Leave the pictures out and print, word for word, the lines below from the one with "Ari Heart Gold" through the final line.

Start of DATASET SECTION

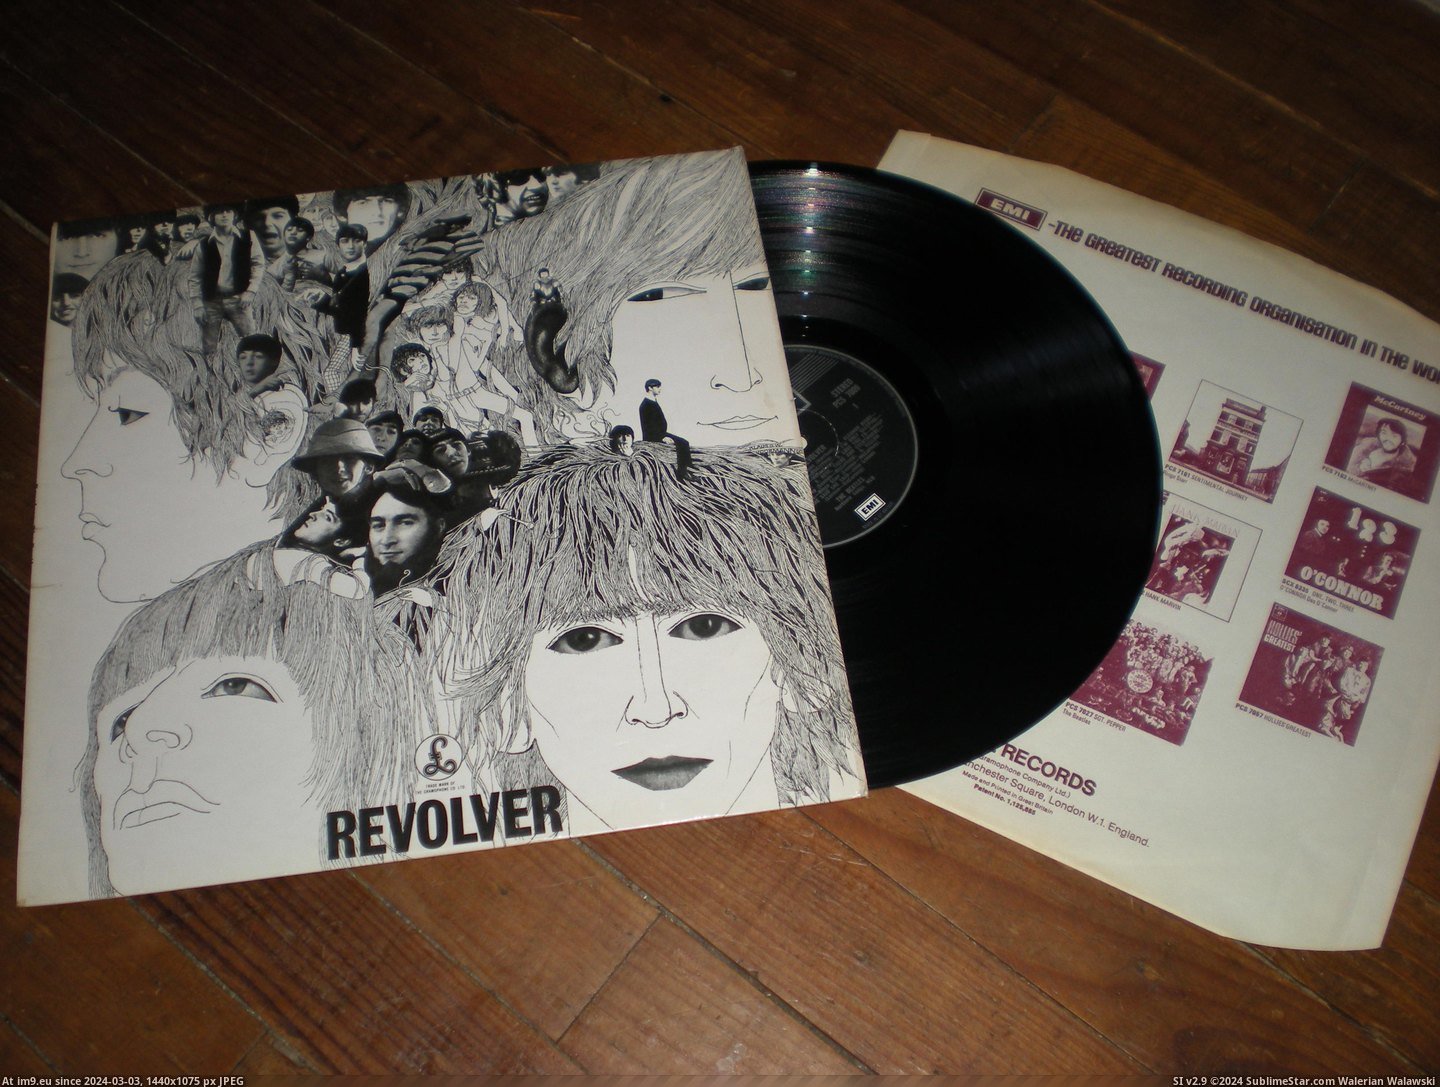  #Revolver  Revolver 19-11 Pic. (Изображение из альбом new 1))
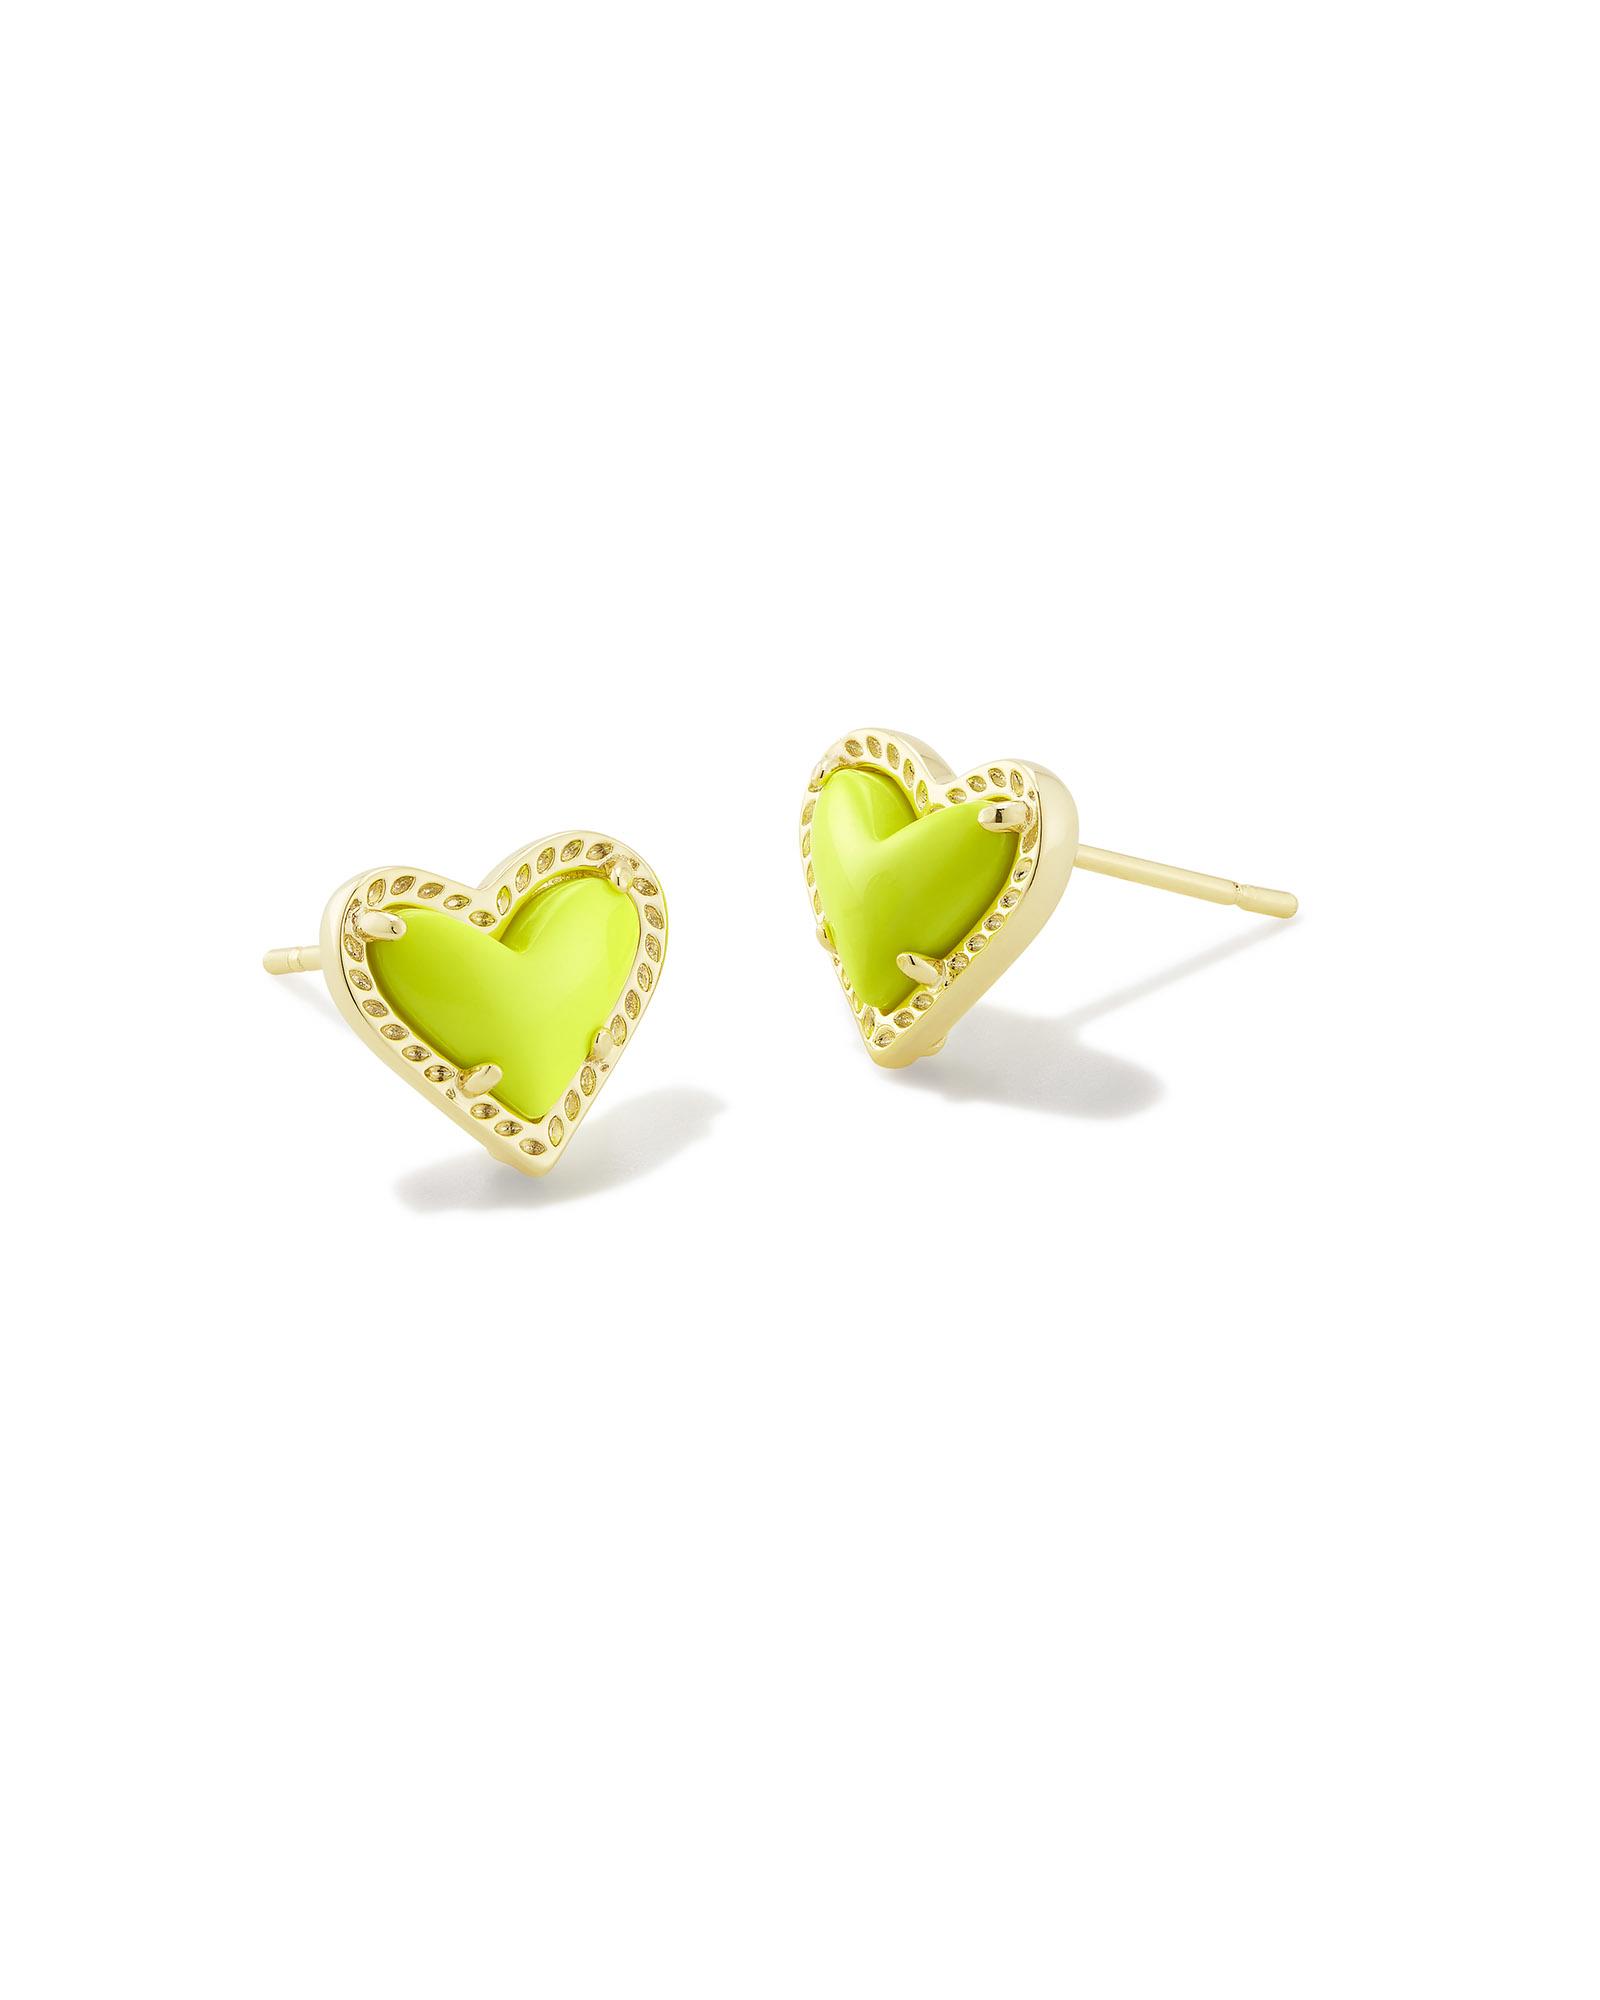 Ari Heart Gold Stud Earrings in Chartreuse Magnesite
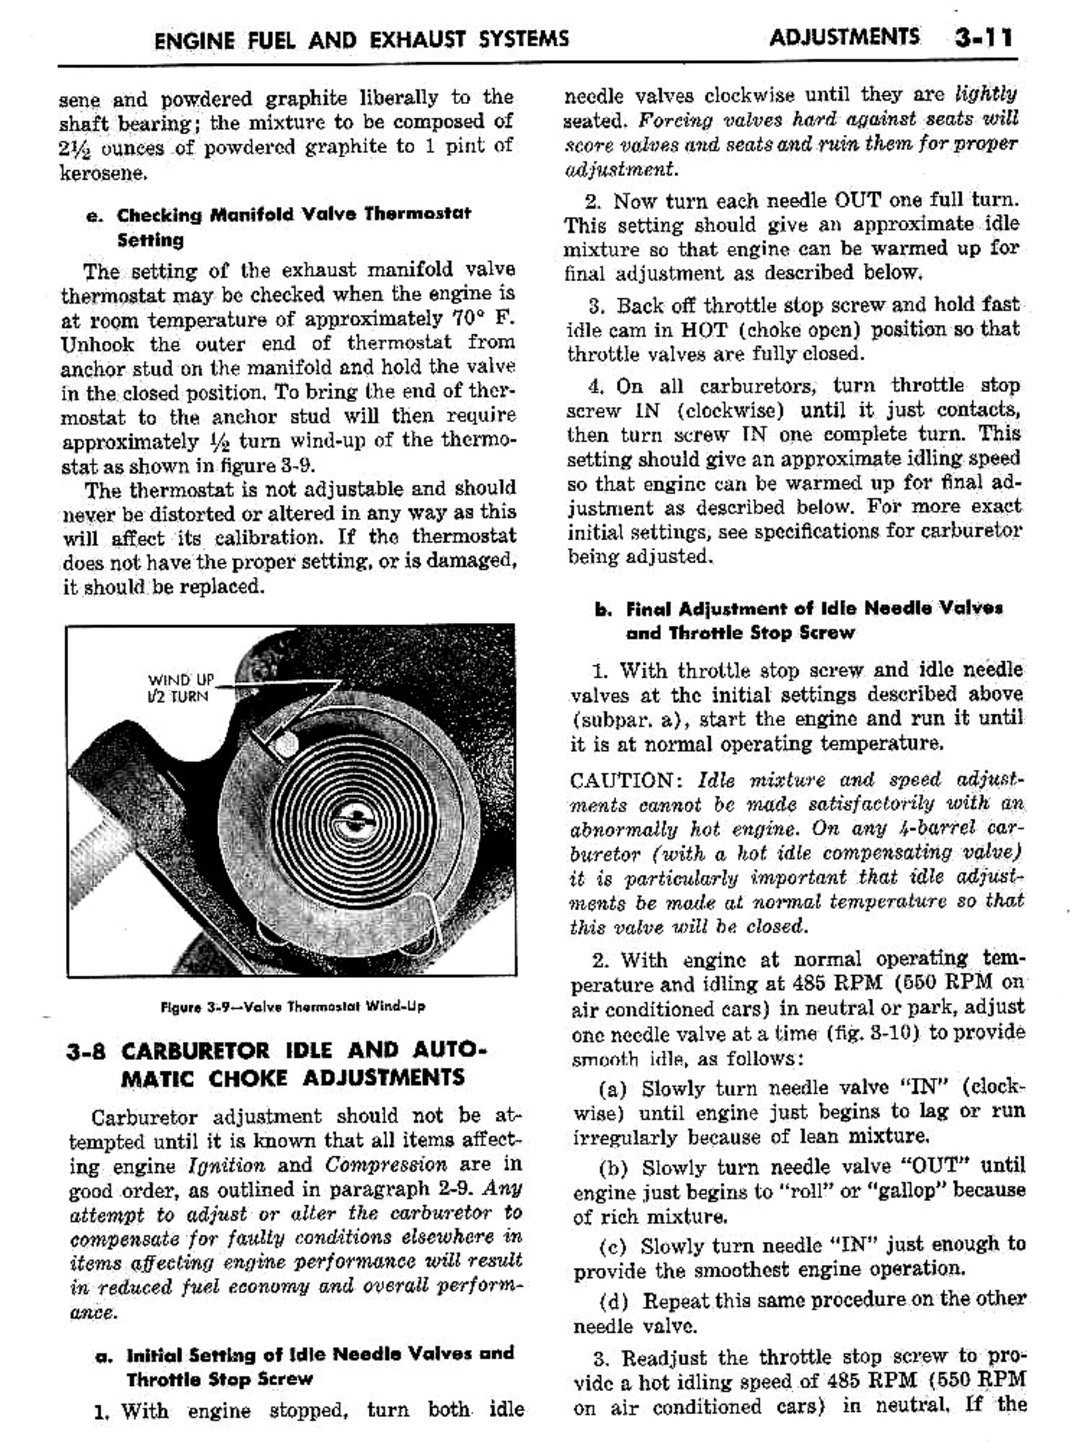 n_04 1959 Buick Shop Manual - Engine Fuel & Exhaust-011-011.jpg
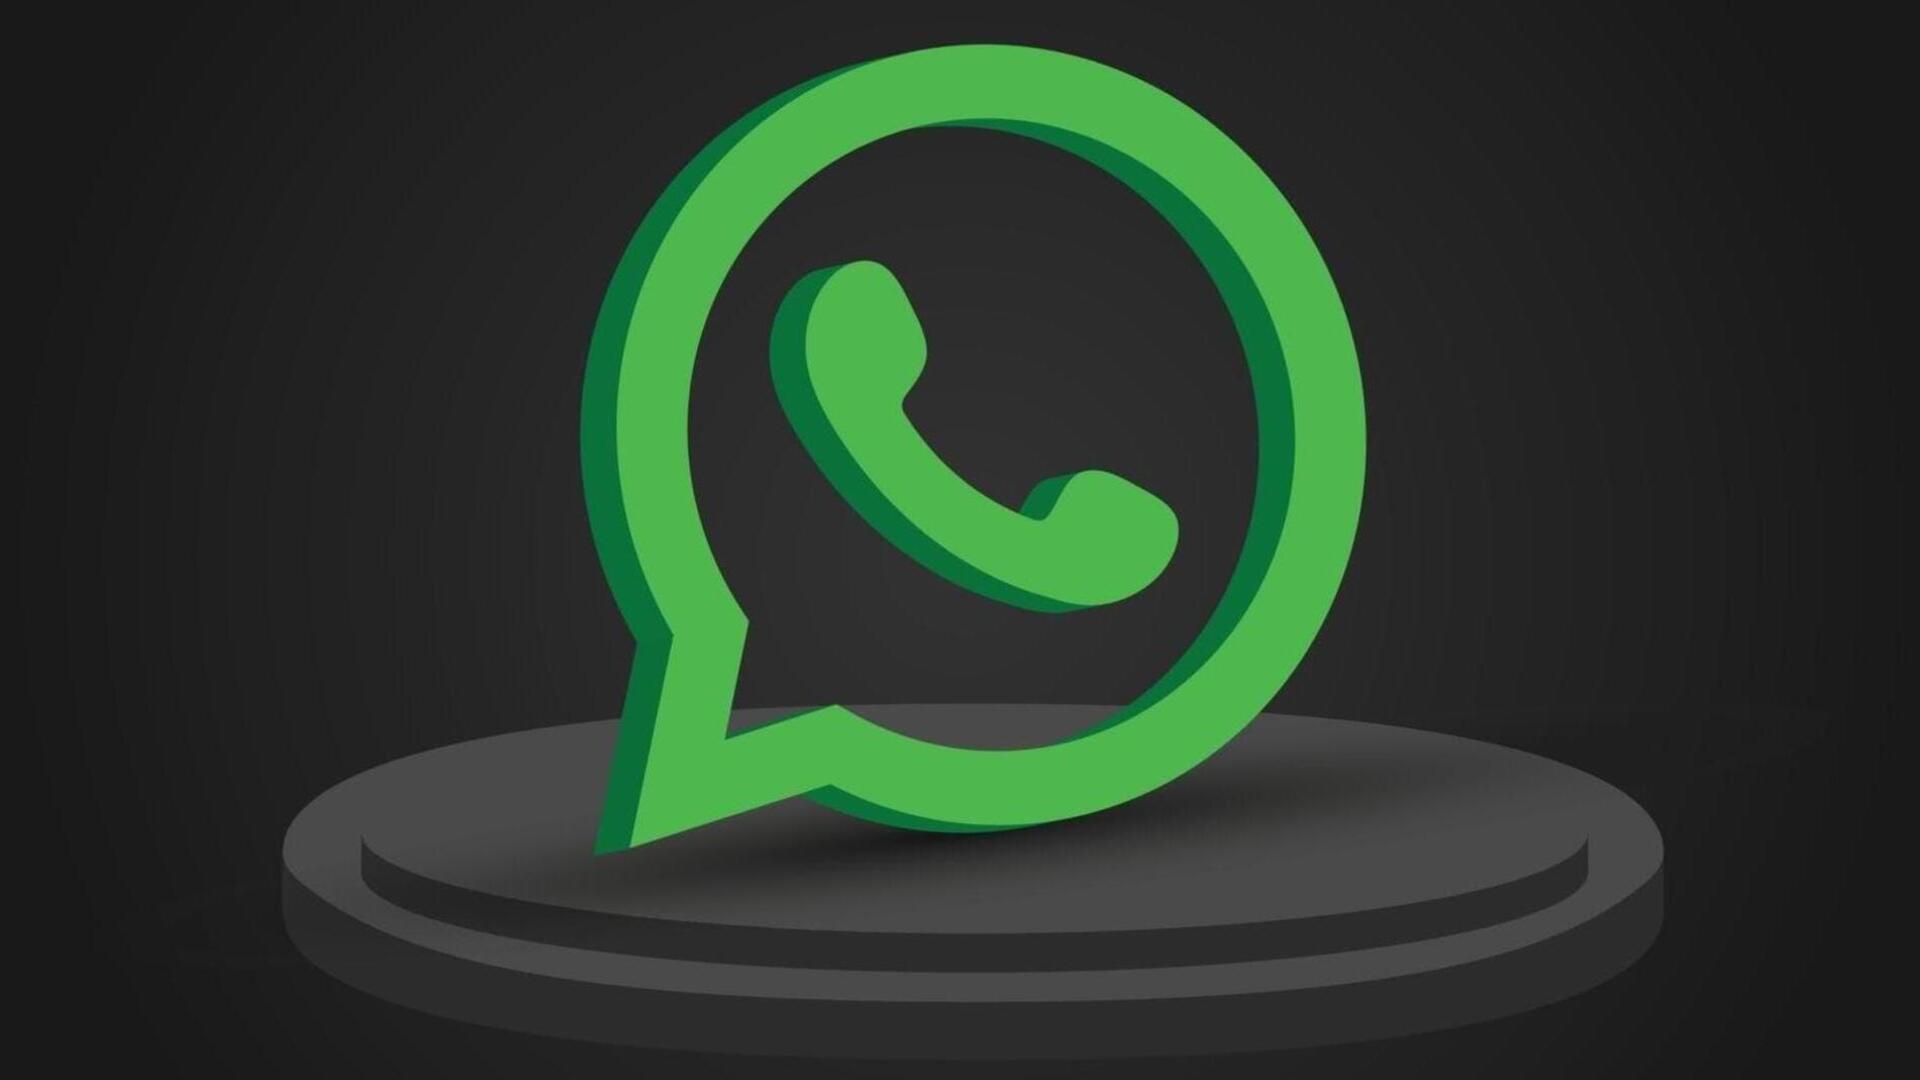 WhatsApp now allows sharing original quality photos, videos as files

End of DATASET SECTION

TASK OUTPUT =
 Ari Heart Gold Stud Earrings in Chartreuse Magnesite
 n_04 1959 Buick Shop Manual - Engine Fuel & Exhaust-011-011.jpg
 WhatsApp now allows sharing original quality photos, videos as files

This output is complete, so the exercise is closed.